ERIC SYKES and his unlikely identical twin Hattie Jacques made me laugh. They still do. Like Laurel and Hardy, they perfected the art of producing moments of sheer comedy genius. All good things must come to an end, of course.
Hattie died in 1980 and last week Eric left to join her - I can just see him arriving at a heavenly 24 Sebastopol Terrace. Just the sort of dream sequence he might have included in his series, which ran from 1960 to 1965 and 1972 to 1979.
I met Eric in 1983. He toured to The King’s in Alan Ayckbourn’s Time and Time Again .
Afterwards, a queue stretched from the stage-door to Leven Street, waiting for a glimpse of the comedy legend.
Half an hour later, the queue diminished somewhat, he appeared in a silk smoking jacket, bottle of whisky and cigar in one hand, his glasses in the other.
His opening gambit was, ‘Just a minute, I need to put my glasses on to hear you.’ Deaf, his hearing aids were famously built into the arms of his specs.
He then invited everyone to join him in his dressing room for a whisky, chatting and signing programmes as he once more reduced the room to tears.
Even before that I had always felt an affinity with Eric, probably due to the fact we shared a birthday, albeit with a decade or four between us.

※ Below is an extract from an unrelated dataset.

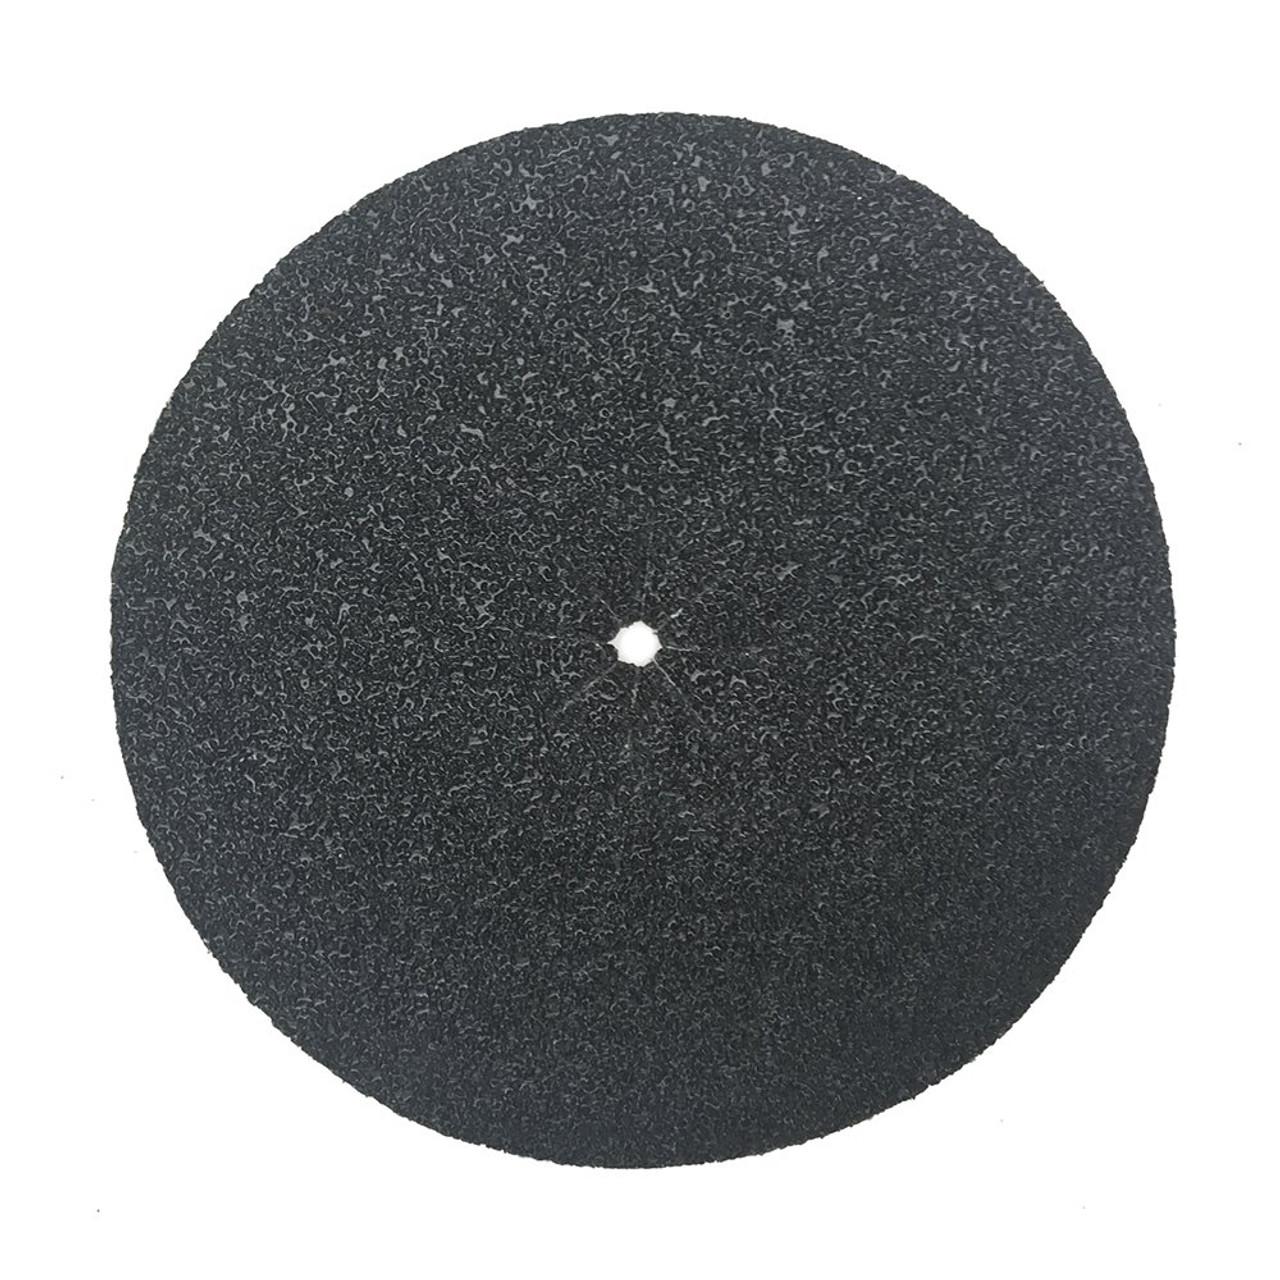 "50 Pack 4.5/"" Silicon Carbide Resin Fiber Discs 36 Grit 4-1//2 Inch Sanding Disc"

In 1986 I remember being over the moon when I spotted his cameo appearance as a stage-door keeper in the David Bowie movie Absolute Beginners and was reminded again of consumate skill as an actor in 2001 when he appeared with Nicole Kidman in The Others.
Although he was made a CBE in the 2004 Honours List, I find myself wondering why he was never knighted.
Sir Eric Sykes. Now that has a ring to it.